Scholars consider the Variae and his History of the Gothsthe most significant works of Cassiodorus's public career. The Variae, a twelve-volume work, consists of letters and state documents written and collected by Cassiodorus during his life in office. Widely viewed as perhaps the most important of Cassiodorus's works of his public life, the History of the Goths was comprised of twelve books, none of which is now extant. A summary exists in the form of Jordanes' Getica. The History portrays the Goths favorably and seems to encourage a peaceful relationship between Goths and Romans. During these years Cassiodorus also composed a philosophical treatise on the nature of the soul, De Anima, as well as Chronica, a survey of world history through the year 519. Institutiones, the central work of his retired life, was designed to instruct his monks on sacred, as well as pagan, scholarship. The first portion of this work focuses on the study of Holy Scripture; the second portion deals with a survey of the liberal arts and provides what may be described as a summary of secular scholarship. In addition to editing various translations of ancient texts and an ecclesiastical history, Cassiodorus also wrote a treatise on spelling, De Orthographia, designed as a tool for copyists.

Critical Reception

Many modern critics have asserted that Cassiodorus's achievements have been overlooked and they have attempted to rectify that situation by evaluating his career and influence. Jacob Hammer surveys Cassiodorus's life and writings, and notes that Cassiodorus revived Italy's intellectual life when it was in “utter decay.” Similarly, S. J. B. Barnish focuses on Cassiodorus' influence, maintaining that both before and after he retired from public life, Cassiodorus used his writings to inspire the lay and religious public in matters concerned with politics, religion, and culture. Taking a different approach, Leslie Webber Jones examines literary and historical references to Cassiodorus and his work from the time of Cassiodorus' death through the late thirteenth century, in an attempt to gauge his influence on later culture. Jones finds that in their preservation of the writings of the Church Fathers and ancient Latin writers, Cassiodorus's works proved to be “extremely useful” to the Middle Ages.

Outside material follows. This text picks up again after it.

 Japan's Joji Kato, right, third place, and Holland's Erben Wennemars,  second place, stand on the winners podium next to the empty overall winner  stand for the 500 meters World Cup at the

Other critics focus their analyses on Cassiodorus's three major works: the Variae, the Institutiones, and the History of the Goths. In his study of the Institutiones, Rand examines the title of the work and various manuscript issues. Rand maintains that Cassiodorus's aim in this work was to nurture the “proper” attitude toward Holy Scripture so that it could be understood and passed on to later generations. Leslie Webber Jones analyzes the content of the work and observes in particular that Cassiodorus was careful to emphasize that secular writers should not be neglected in scriptural study, and that he stressed learning as a way to better understand Scripture. Jones also studies the style and vocabulary of the Institutiones, describing the style as wordy, elaborate, and informed by Cassiodorus's desire for balance.

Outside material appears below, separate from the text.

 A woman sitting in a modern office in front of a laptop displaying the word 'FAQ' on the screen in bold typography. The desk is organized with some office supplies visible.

Offering an introduction to the Variae, Barnish studies the work's compilation, content, character, and style, as well as its reliability as a historical resource. Its political themes, he notes, include Italy's defense, the relationship between the Goths and the Franks, and diplomacy with Byzantium. The style is ornate and rhythmical and demonstrates Cassiodorus's facility and originality in his use of metaphor and digression, Barnish states. The critic does note that, as history, the work is not entirely reliable, as evidenced by examples of its “overt propaganda.” James J. O'Donnell likewise comments on the slant of the Variae, arguing that while Cassiodorus praised the virtues of Gothic rule and emphasized its success, he did not intend the work as a polemical treatise. Similarly, Robin Macpherson notes the use of “politic falsehood” in the work, but maintains that this was a practice typical of the institutional world of late Rome. Macpherson also discusses the language of the Variae, noting the proliferation of abstract nouns, Cassiodorus's use of simple syntax, and his use of action-nouns.

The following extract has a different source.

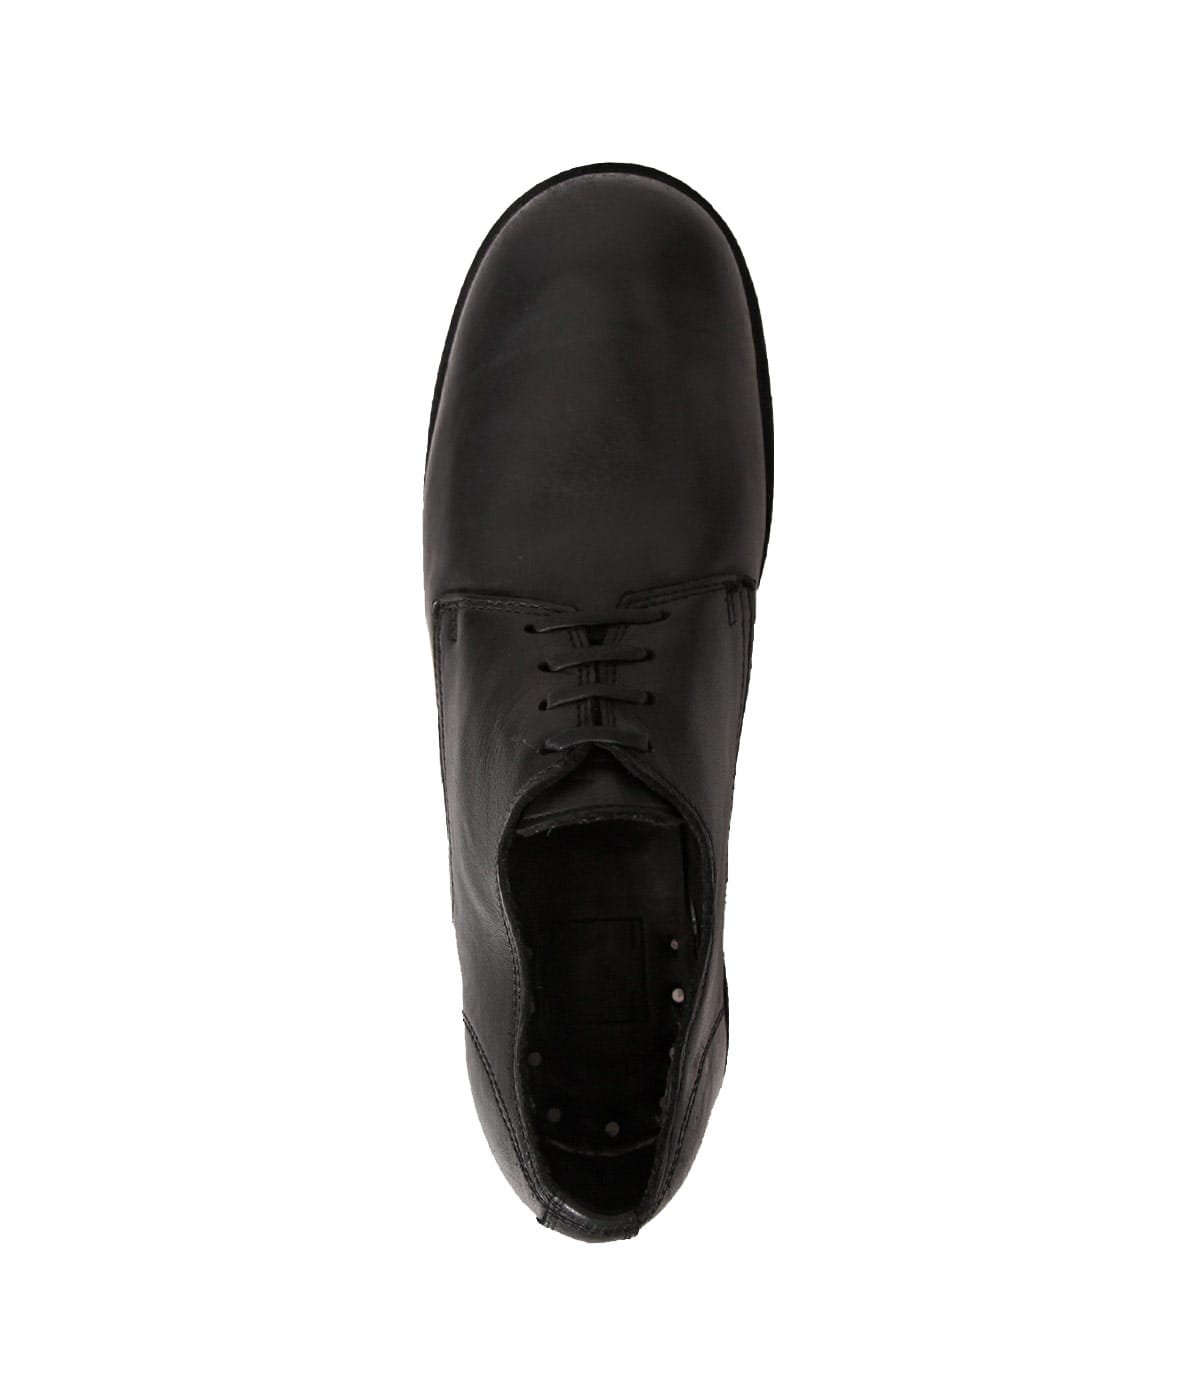 CLASSIC DERBY SHOES

The Gothic history is of major interest to critics despite the fact that it exists only in excerpts and in Jordanes's summary, Getica. Barnish examines Cassiodorus's purpose in writing the History of the Goths, as well as the circumstances surrounding Jordanes' composition of his summary. The work, argues Barnish, was designed to celebrate the Goths, their royal lineage, and their political achievements. Arnaldo Momigliano analyzes the way in which the political atmosphere in Italy influenced Cassiodorus's writings, especially the History of the Goths. Explaining that there existed an awareness of a possible rebellion against the Gothic government of Ravenna, Momigliano asserts that the History of the Goths was intended to advocate pacific coexistence between the Goths and the Romans. Additionally, the critic observes that the political message of the Gothic history reflects that of the Variae, which Momigliano describes as the presentation of the “barbarian” government as the “embodiment of civilized justice and wisdom.”